Archive for October, 2011

Improving binary layout for progressive decompression

As I mentioned in my previous post, we recently built a prototype that would only uncompress the bits we do require from our libraries, as opposed to the complete library. Or at least try to.

The idea

The original idea was to do selective decompression of blocks as they are required. Such that instead of uncompressing the whole file, and then use it, we'd only uncompress blocks we do need, at the moment we need them. So, for example, instead of uncompressing 32KB, and then use the first and last 4KB (completely ignoring 24KB in the middle), we'd only uncompress and use the first and last 4KB.

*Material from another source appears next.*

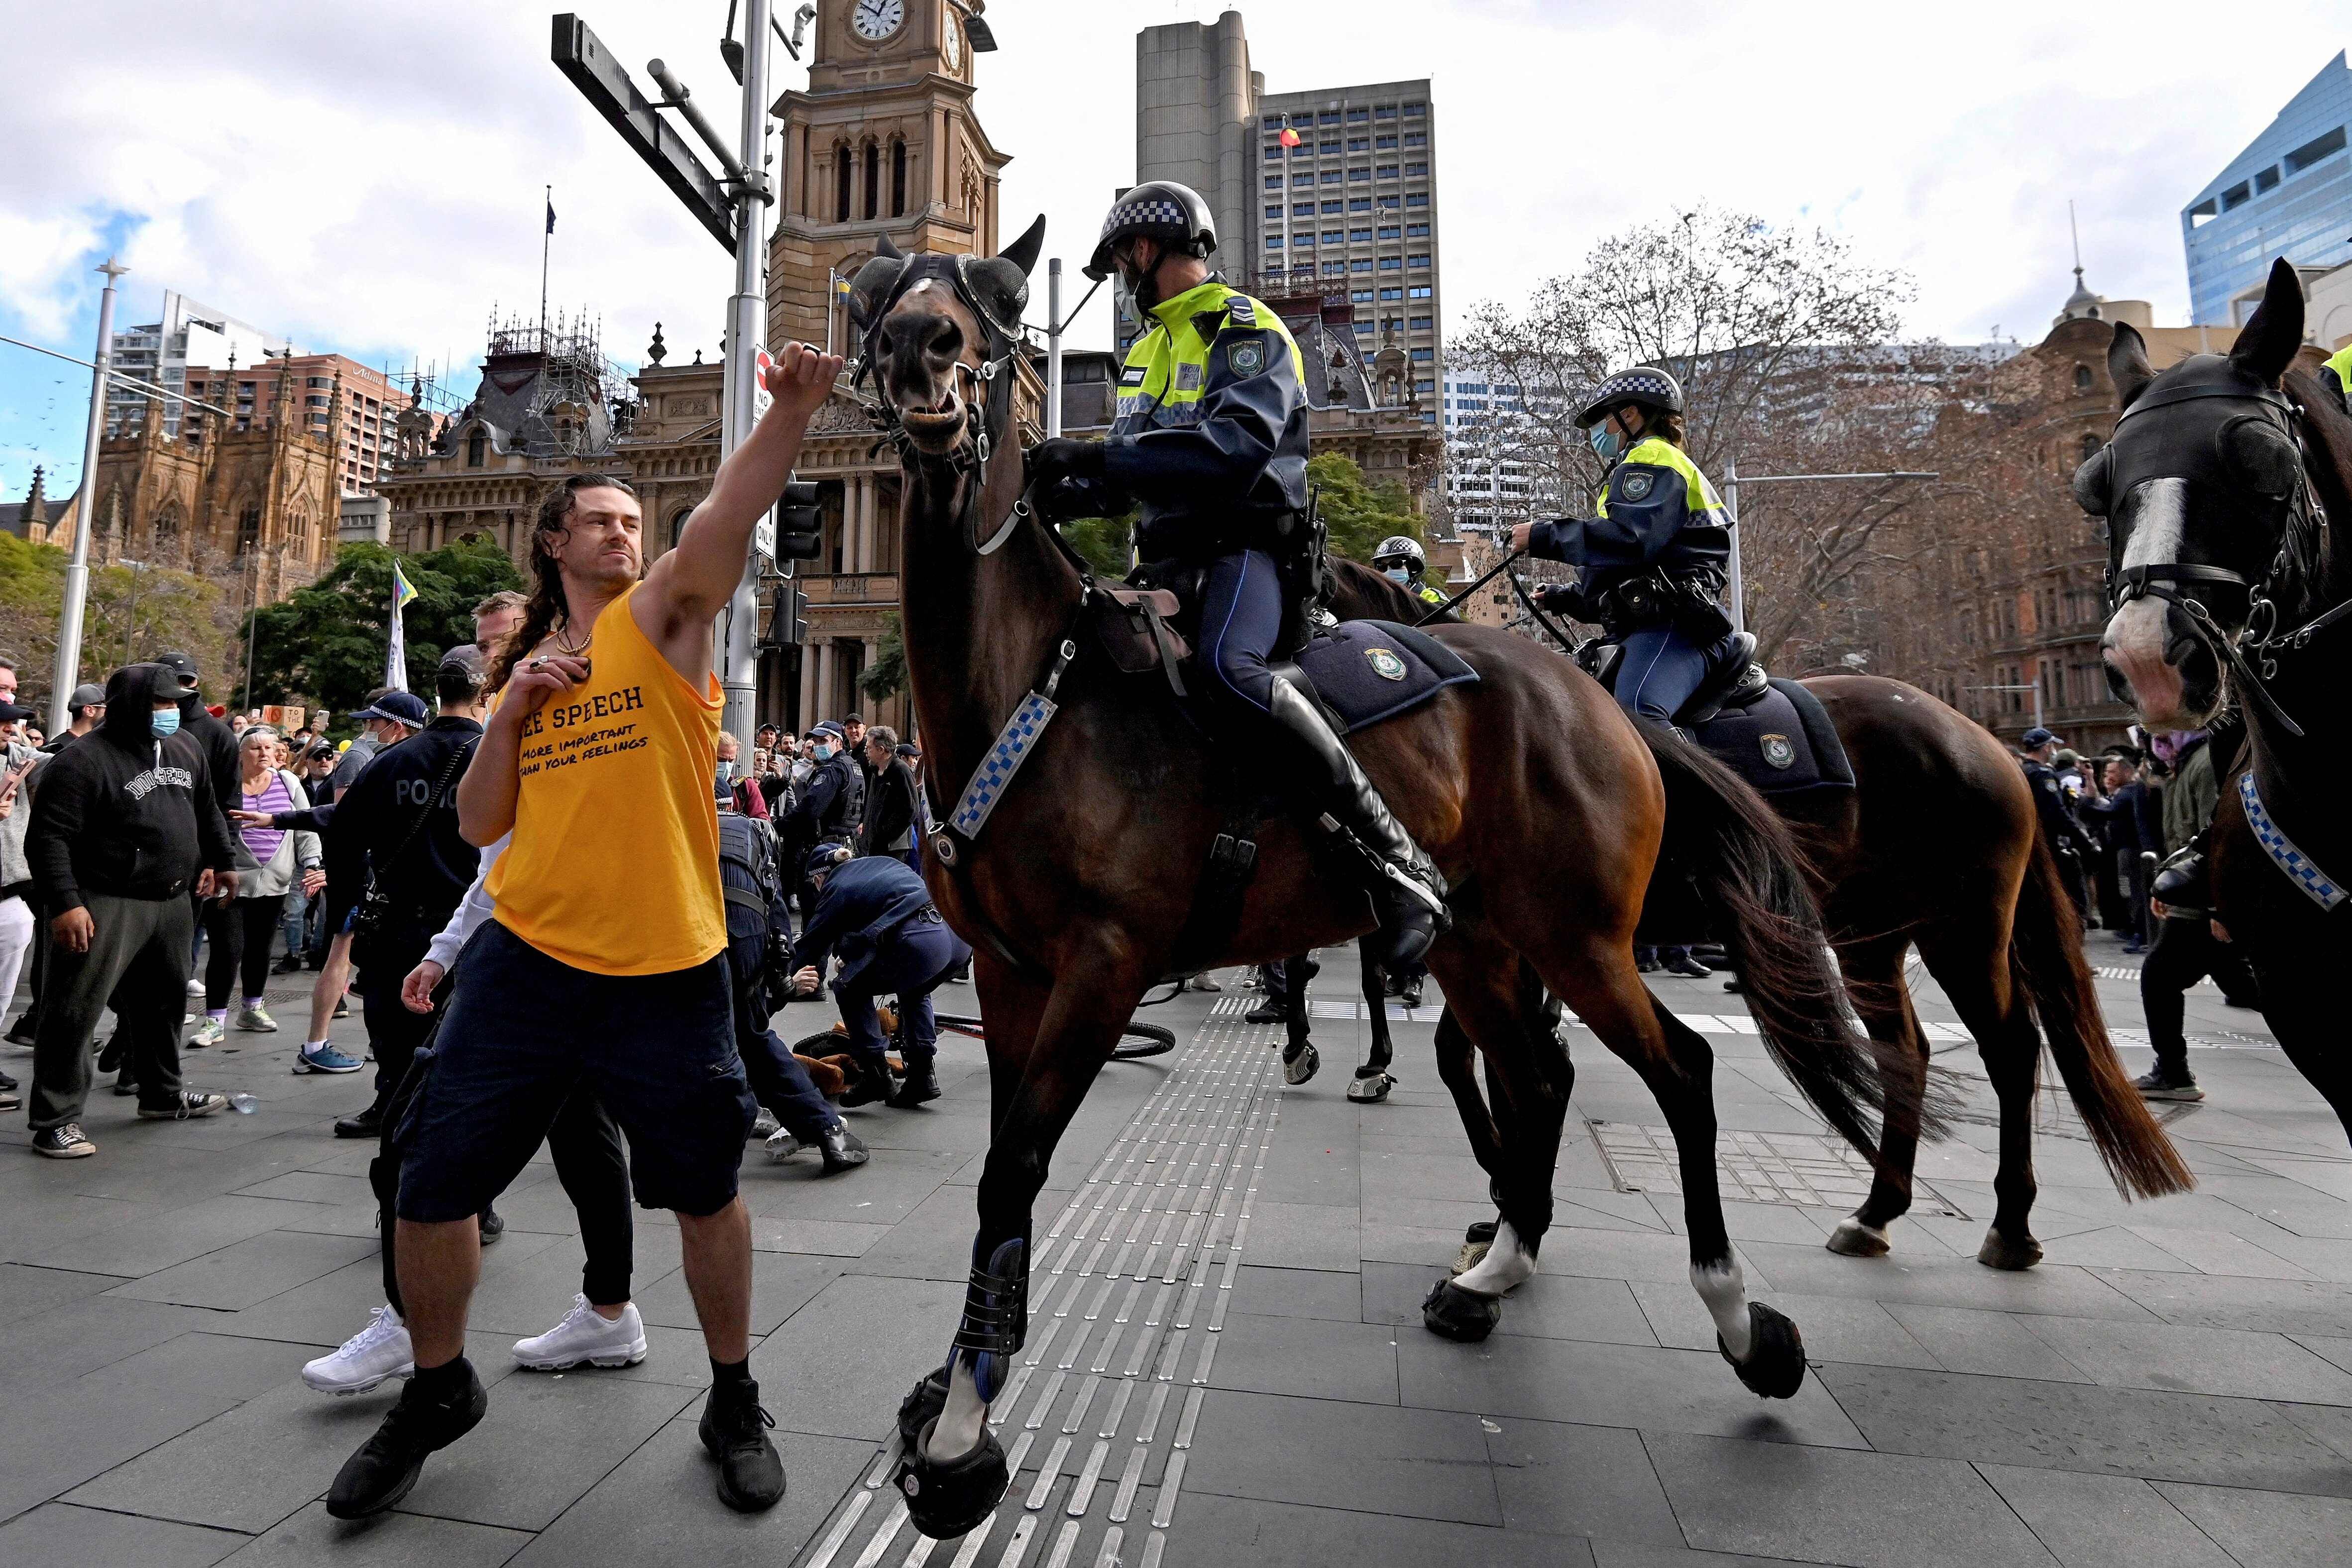 Un manifestante intenta apartar un caballo de la policía durante una manifestación contra las restricciones, en Sídney el 24 de julio.

Unfortunately, compressed streams in ZIP files are not seekable, so with the compressed data we have currently, we just can't do that. Which is why we're going to work on figuring out how to best do it with an index and how the zlib library will allow us to do so. Fortunately, one of the zlib author already has some working code doing something similar, though it's probably not usable as-is.

Anyways, as we needed to put things together for a prototype quite rapidly and had experience with binary reordering in the past, we figured a way to get the same kind of benefit would be to improve the binary layout so that we can uncompress subsets of the file progressively, as it is used. So for example, if the order in which we need blocks looks like [10, 11, 7, 13, 17], we'd first uncompress up to the 10th blocks, then the 11th, then use the 7th, that was uncompressed earlier, then uncompress up to the 13th, and so on.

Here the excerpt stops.